I have pandas 1.3.4 installed in my windows 10 and spyder IDE.
import pandas as pd
df_employee = pd.read_xml('employee.xml',xpath='employee_name')
df_cor = pd.read_xml('employee.xml',xpath='employee_name/email')
df_id = pd.read_xml('employee.xml',xpath='employee_name/email/id')
df_id2 = pd.read_xml('employee.xml',xpath='//id')
df_address = pd.read_xml('employee.xml',xpath='employee_name/email/id/address')
df_address2 = pd.read_xml('employee.xml',xpath='//address')
df_street = pd.read_xml('employee.xml',xpath='employee_name/email/id/address/street')
df_street2 = pd.read_xml('employee.xml',xpath='//street')
df_state = pd.read_xml('employee.xml',xpath='employee_name/email/id/address/street/state')

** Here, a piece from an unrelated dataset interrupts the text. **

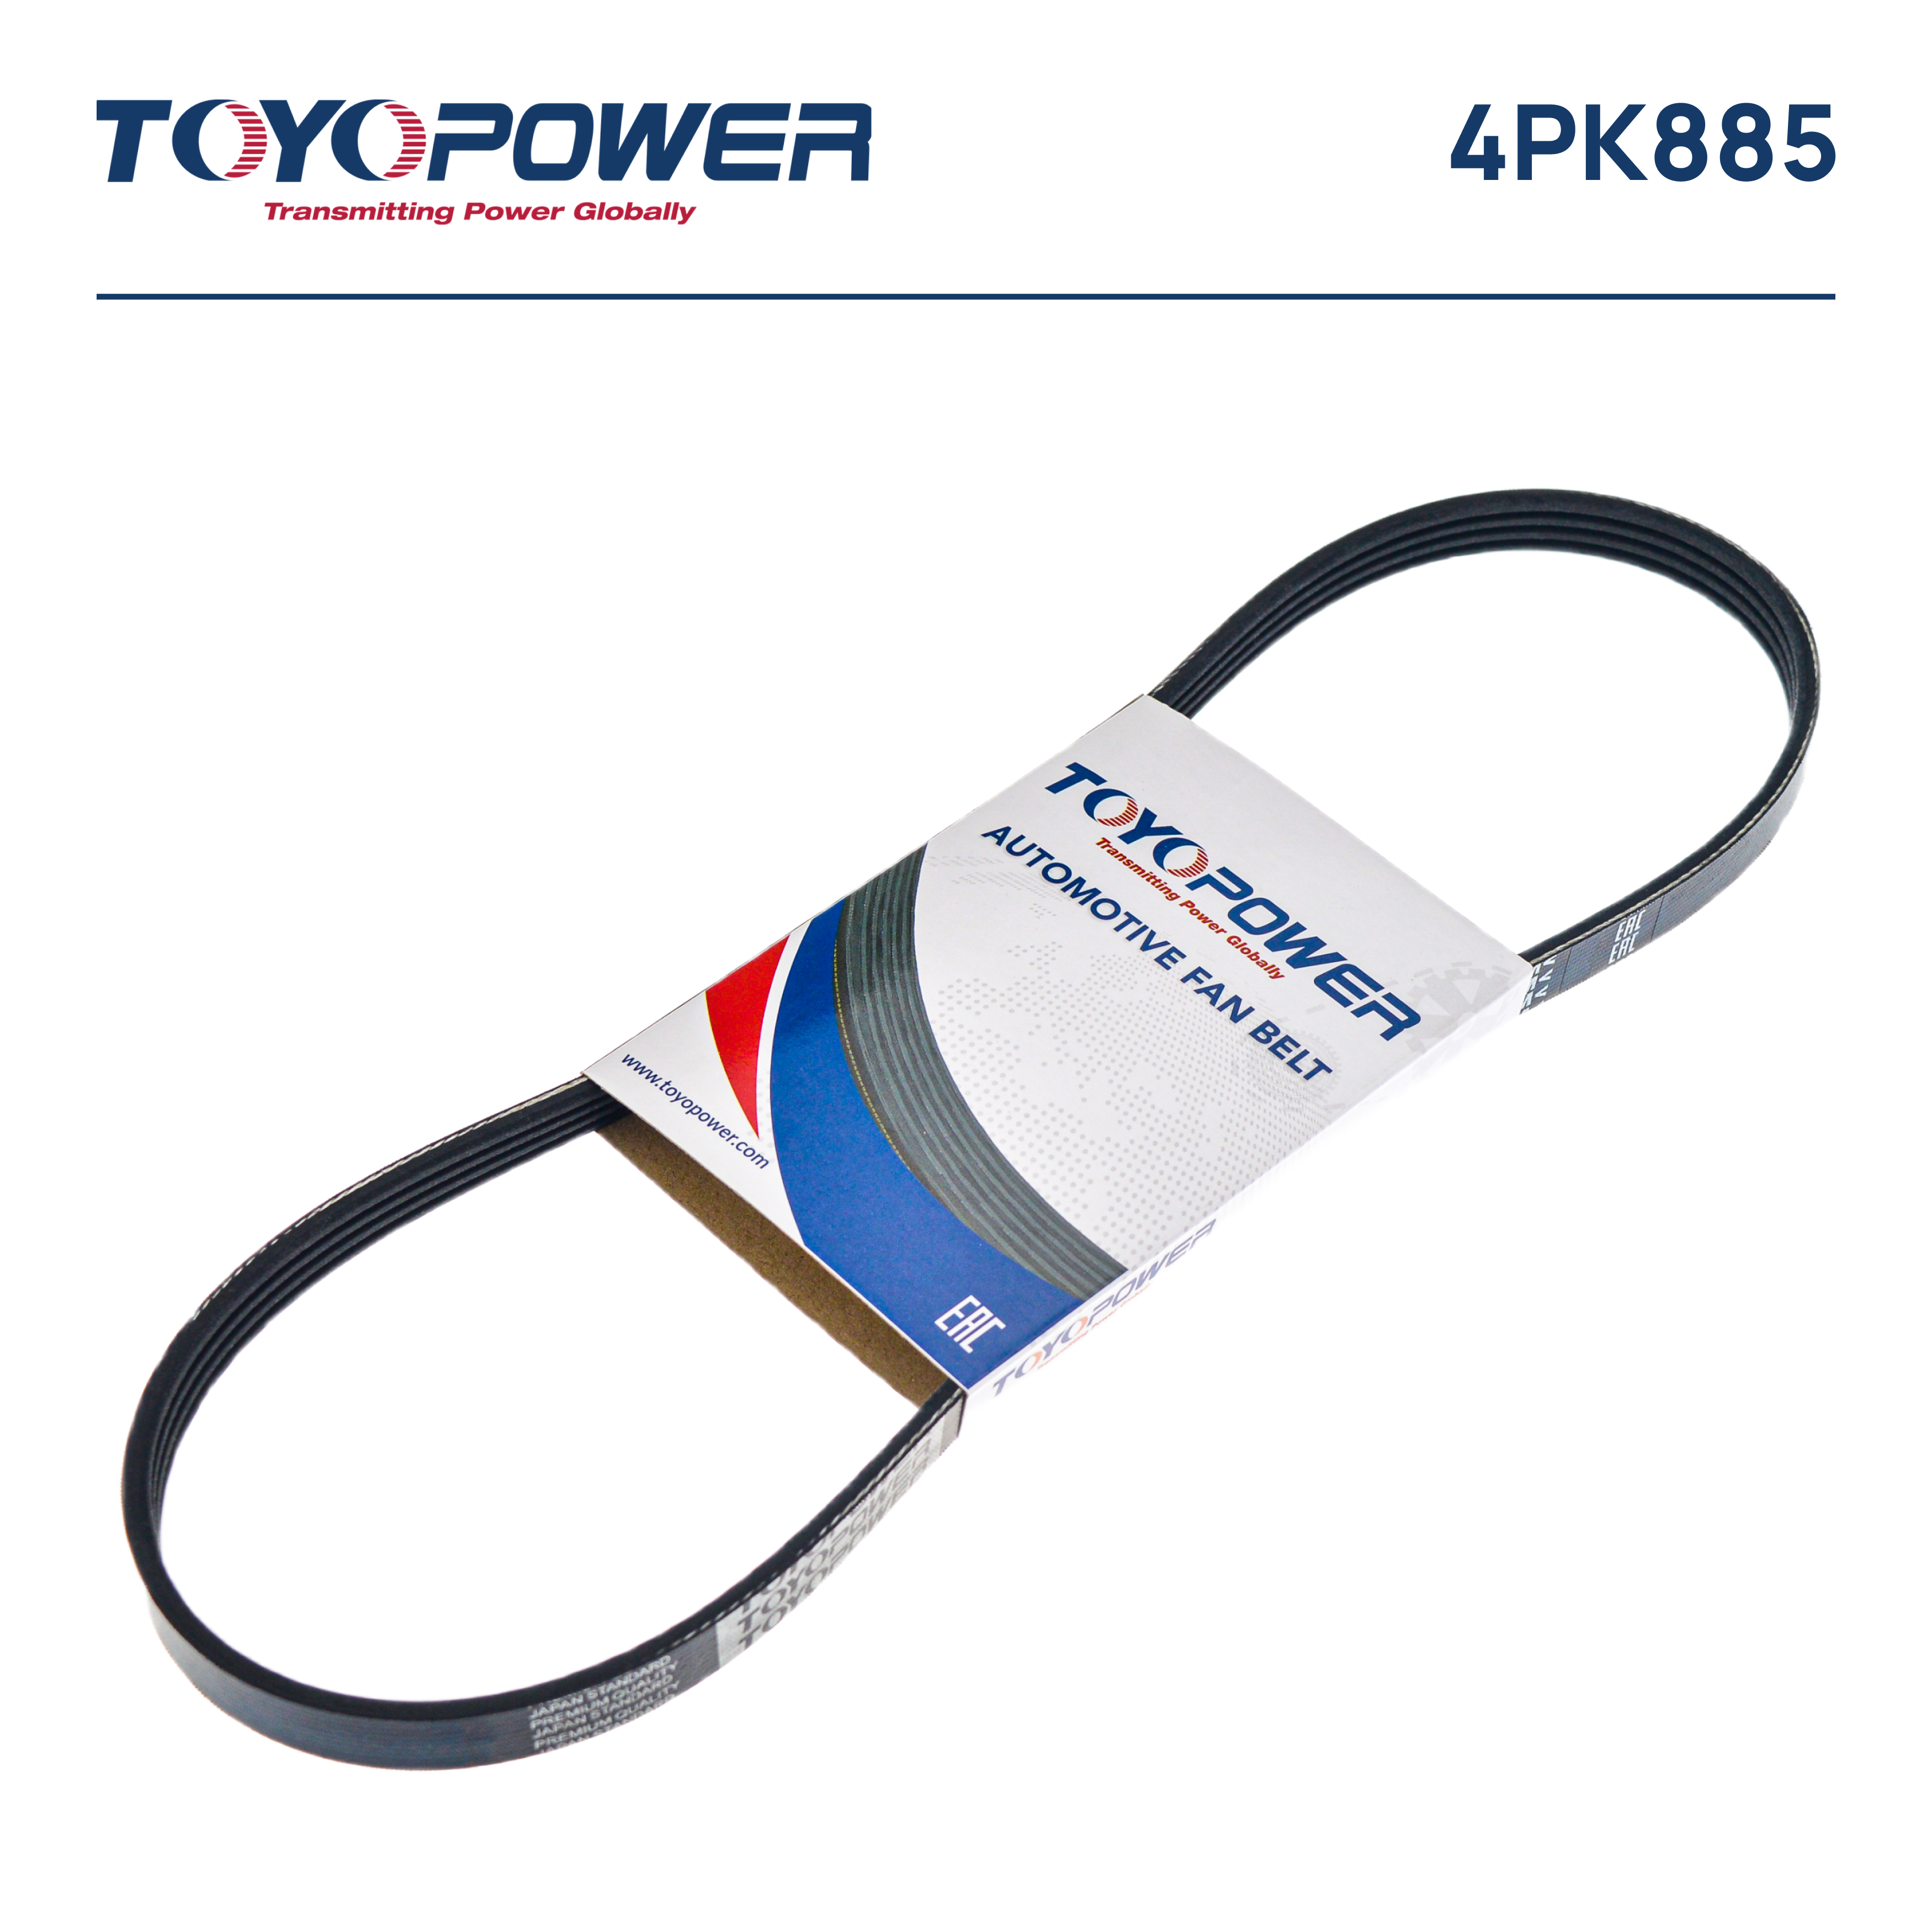 Ремень поликлиновый - Toyopower 4PK885

df_cell_cap = pd.read_xml('employee.xml',xpath='employee_name/email/id[@name="stack"]//address')
df_street_stack = pd.read_xml('employee.xml',xpath='employee_name/email/id[@name="stack"]//street')
The code works fine uptill this stage but when it hits the below line it throws error.
df_cell_cap = pd.read_xml('employee.xml',xpath='employee_name/email/id[@name="stack"]//address')
I have tried the below ways but the error is still there.
df_address_stack = pd.read_xml('employee.xml',xpath='employee_name/email/id[contains(@name,"stack")]//address')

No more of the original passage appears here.